To facilitate YOUnite’s managing of your federated data, the following assumptions are made:

  1. Each application or service (source system) has been identified and registered to YOUnite through an adaptor. See Creating and Managing Adaptors for how to register and manage an adaptor.

  2. Data Domains have been identified and understood for this YOUnite Data Fabric implementation. See Data Domains.

  3. Adaptors have been created for each of the applicable source systems. Off-the-shelf adaptors are available (see YOUnite DB Adaptor) and custom Adaptors are developed using the Adaptor SDK.

  4. Key actors in the process of linking have been established. This includes the DGS and the individual Zone Data Stewards (see the section on "Zones" in Zones, Users, Groups, Roles and Permissions).

Creating the Data Catalog - Linking Data Records

The process of linking source entities to DRs (linking) is accomplished by either: * Standard data linking * Data discovery

Standard Linking

With this method, YOUnite waits for data events to occur and to be published by adaptors. As adaptors send data events to YOUnite for a given DR, YOUnite automatically links and synchronizes them according to data governance (i.e. inbound/outbound ACLs).

A PUT or POST data event will automatically link a DR to YOUnite if it is not already linked.

Data Discovery

Since we don’t know which data sources (DBs) have the most recent copy of a data record, it may not be desired to synchronize the existing data in a DB when introducing it into the data fabric.
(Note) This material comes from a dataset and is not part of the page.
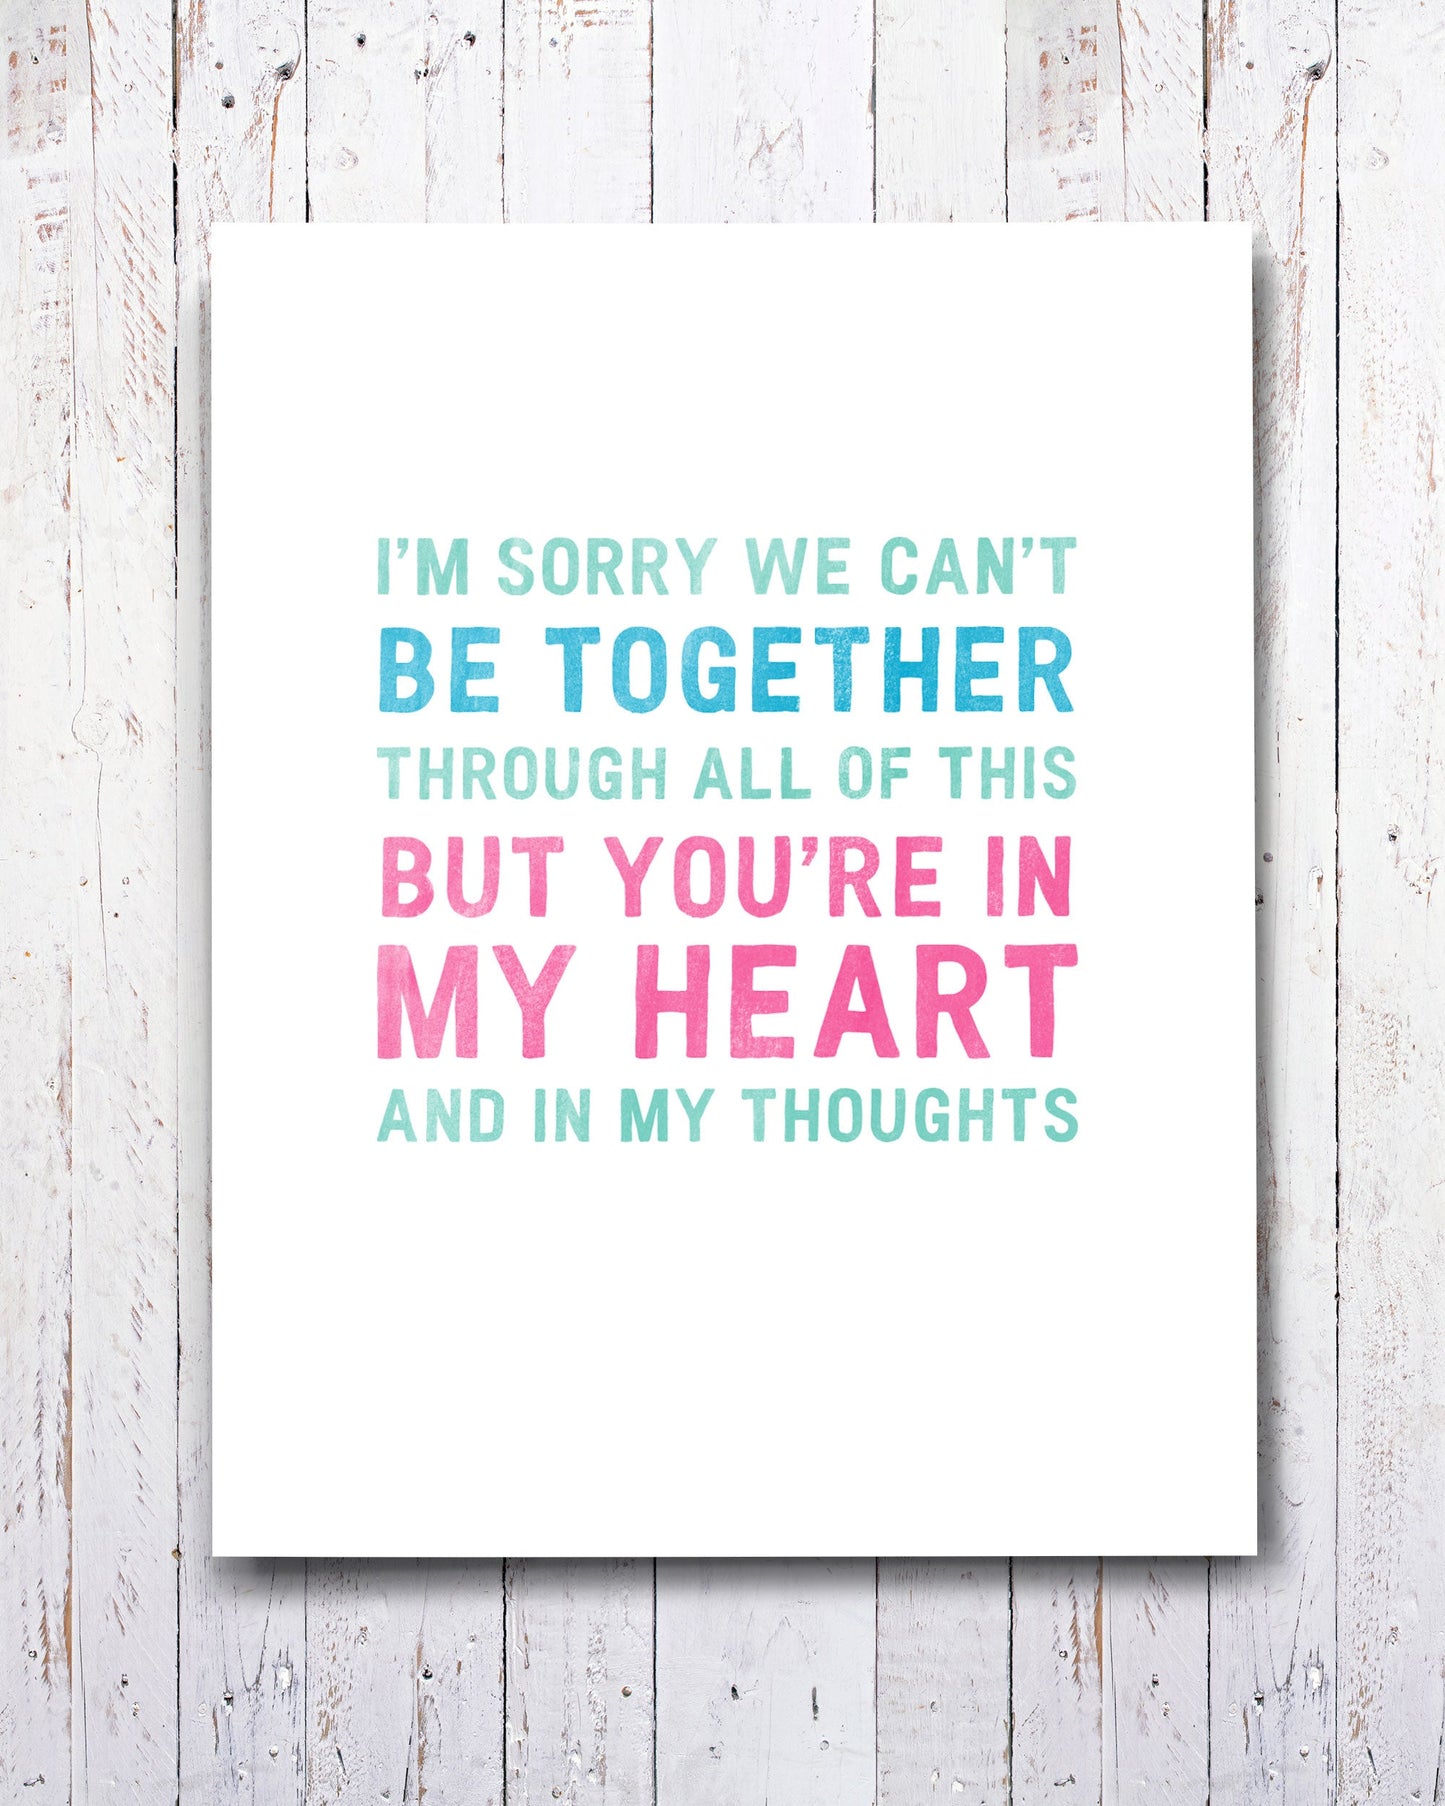 Can't Be Together Encouragement Card from Transit Design - Smirkantile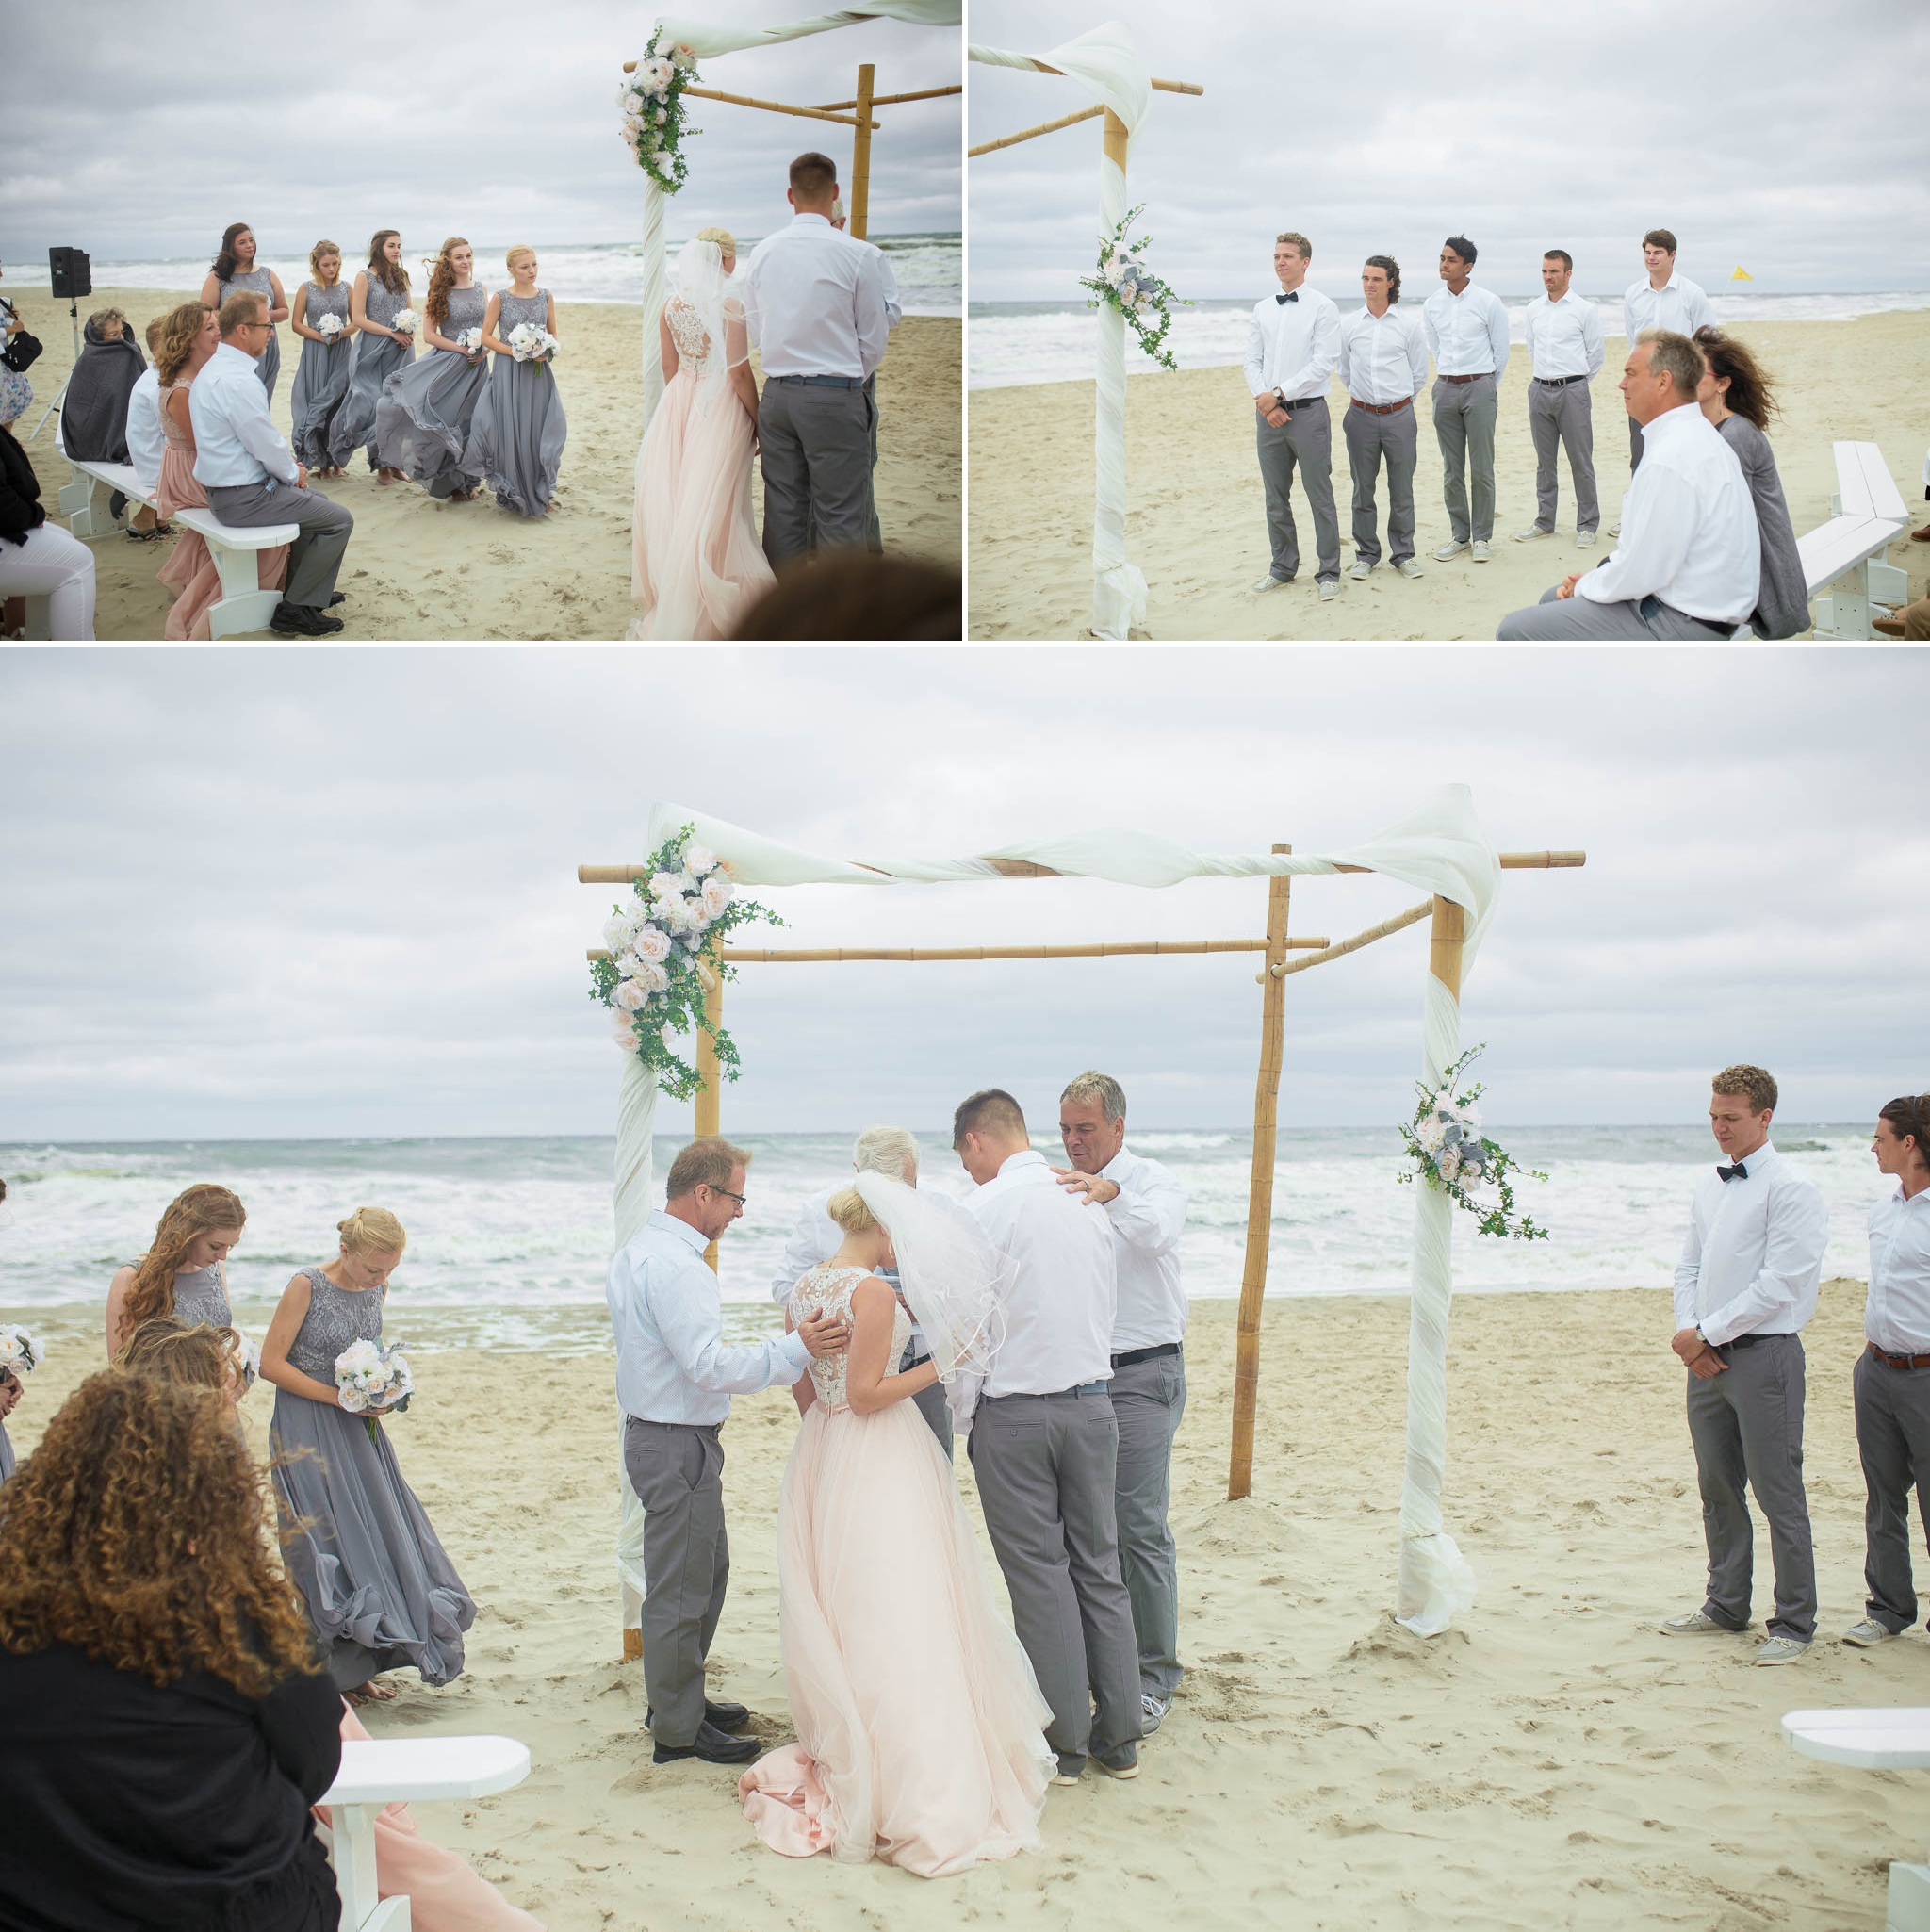 Wedding Photography at Pelicans Landing in Corolla, NC - Outer Banks North Carolina Wedding Photographer - Avery and Kirk Sanders

It’s typical to start synchronizing data between a new system that contains data once all the records in the new system have been added to the YOUnite data catalog otherwise, old data in the new system may overwrite more recent data in other systems.

Putting an adaptor in "Discovery mode" allows the adaptor to scan a DB for records and then send them to YOUnite for linking without synchronizing the data to other DBs.

Once the adaptor has completed its initial scan, it can be taken out of "discovery mode" and into standard linking operation - detecting data events and synchronizing them according to data governance (i.e. inbound/outbound ACLs).

Difference Between Standard Linking and Data Discovery

If an adaptor is not put into discovery mode when first connected to the source system, any existing records in the source system will not get linked to DRs (added to the data catalog) until an existing record is updated.

Enabling and Disabling Adaptor Data Discovery

An adaptor is typically put in discovery mode when the adaptor is started for the first time and when there is no activity on the source system.

1) When creating the adaptor, set discoveryMode to true.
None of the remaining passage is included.